A leur tête se trouve Biplad qui, initialement, était un lieutenant de Prachanda lors de la guérilla mais qui estime que ce dernier, maintenant au pouvoir, n’est pas allé assez loin dans les réformes et a floué le peuple.
Man préfère reconnaître les lieux seul en un premier temps car il ne sait quel accueil nous sera réservé mais il promet à Brigitte de l’emmener rendre une petite visite aux camarades clandestins quand il aura repéré les lieux et leur camp.

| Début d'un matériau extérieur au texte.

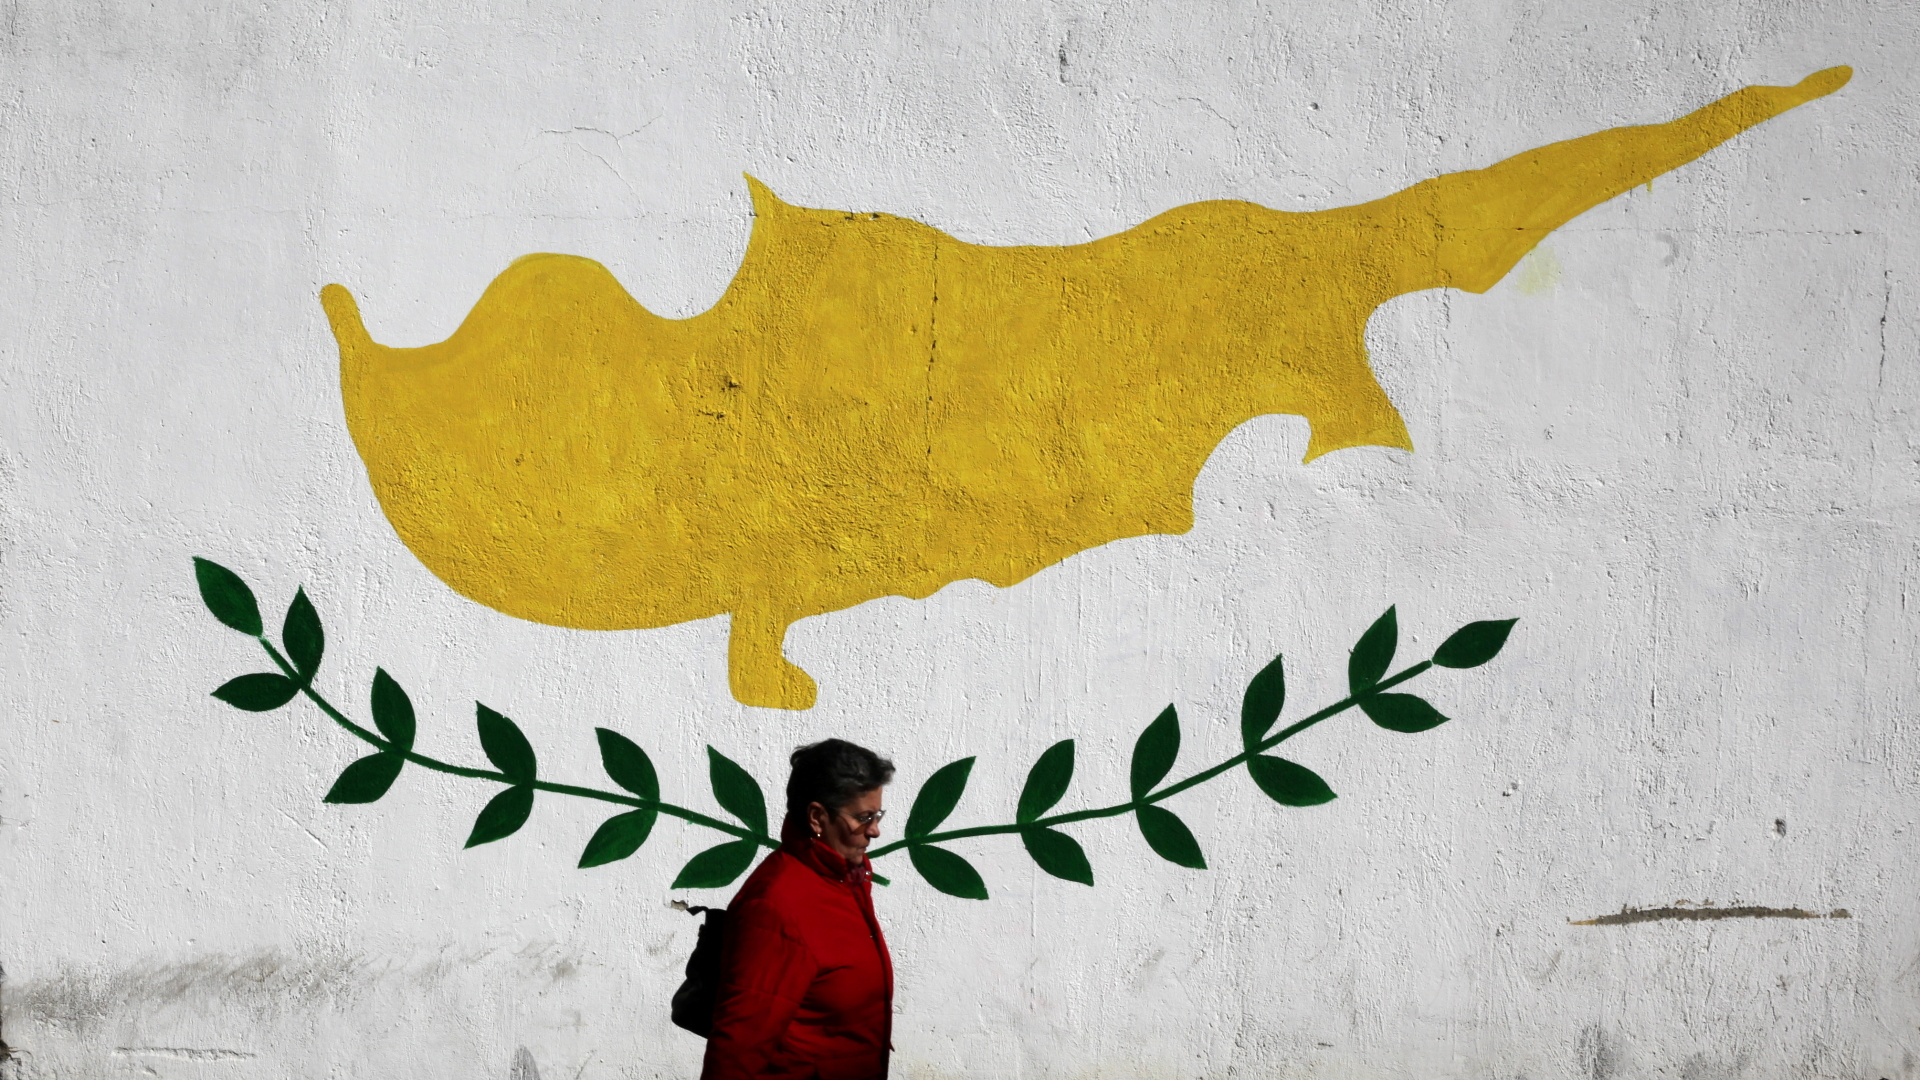 Wandgemälde mit der Flagge Zyperns | REUTERS

Le réseau « homestay » élargi
Avant de partir, Man appelle Yubahal KC Dahal, le guide de Brigitte à Kanda et Bhim le mari de Manisha à Phera pour leur parler de son projet de « homestay » respectueux des habitants, de la culture, de l’environnement et de l’économie agricole. Yubahal et Bhim sont enthousiastes.
Brigitte est ravie que Man les ait appelés car elle leur avait promis qu’il le ferait. Aujourd’hui, elle a prévu une exploration jusqu’à Bayele.
Mettre un genou à terre
Entre Man, le fou de cartes, et Laurent, le traceur d’itinéraires fabuleux, Brigitte est vraiment bien entourée. Laurent participe largement aux explorations en lui donnant des idées et des conseils avisés. Il l’envoie souvent en reconnaissance pour être ses yeux sur le terrain car ici il ne peut pas déplacer le petit bonhomme jaune de Google Map sur les cartes pour visualiser le relief.

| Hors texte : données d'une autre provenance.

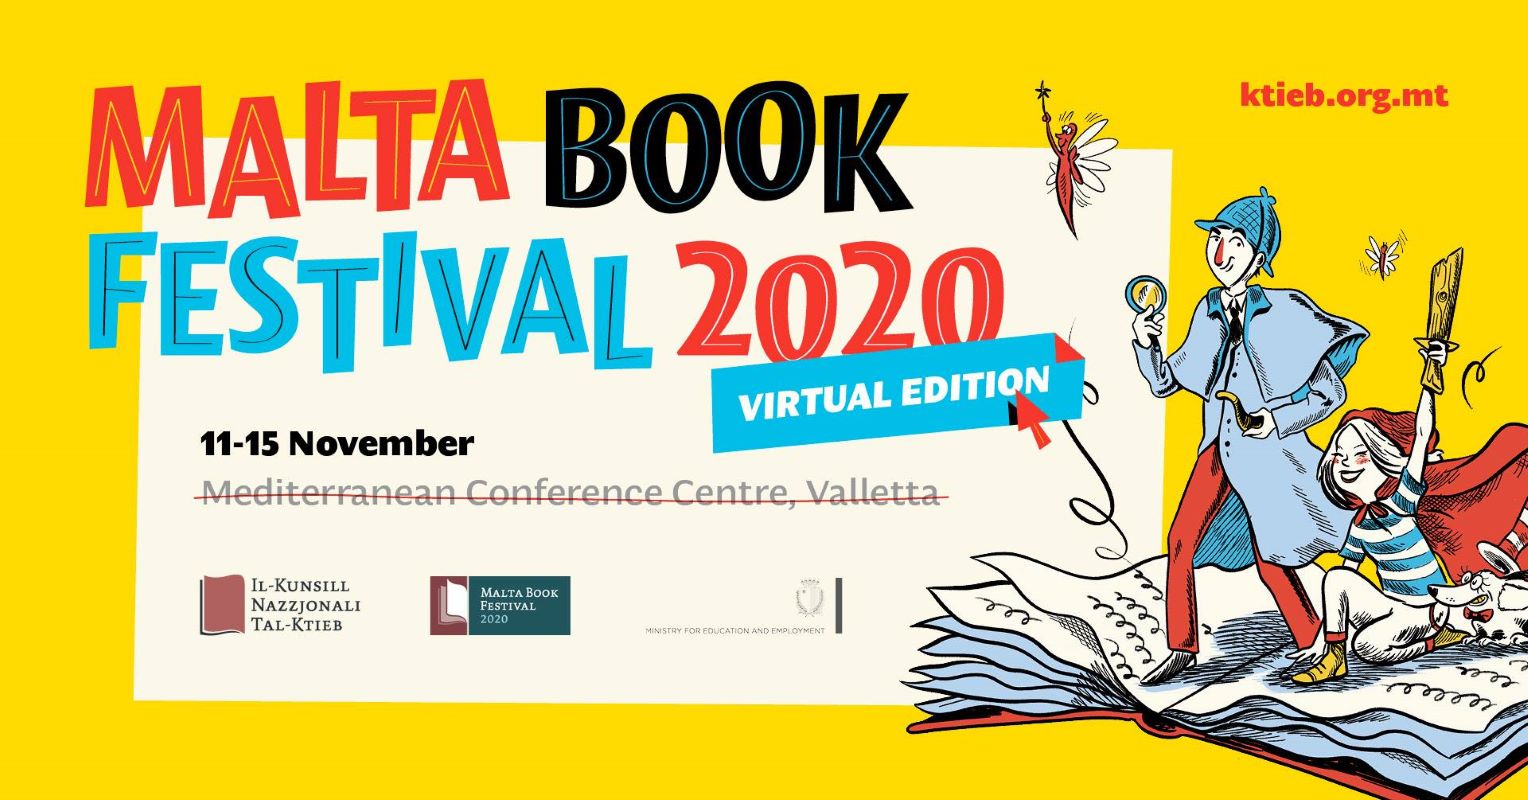 Malta Book Festival 2020 locandina

Malheureusement, les genoux de Brigitte ne font pas toujours de leur mieux pour être à la hauteur de la mission. Elle ne dit aucun mal de ses articulations qui, selon la médecine, devraient avoir cessé toute activité depuis bien longtemps mais qui lui procurent toujours de bons et loyaux services que bien des genoux en parfait état rechigneraient à rendre.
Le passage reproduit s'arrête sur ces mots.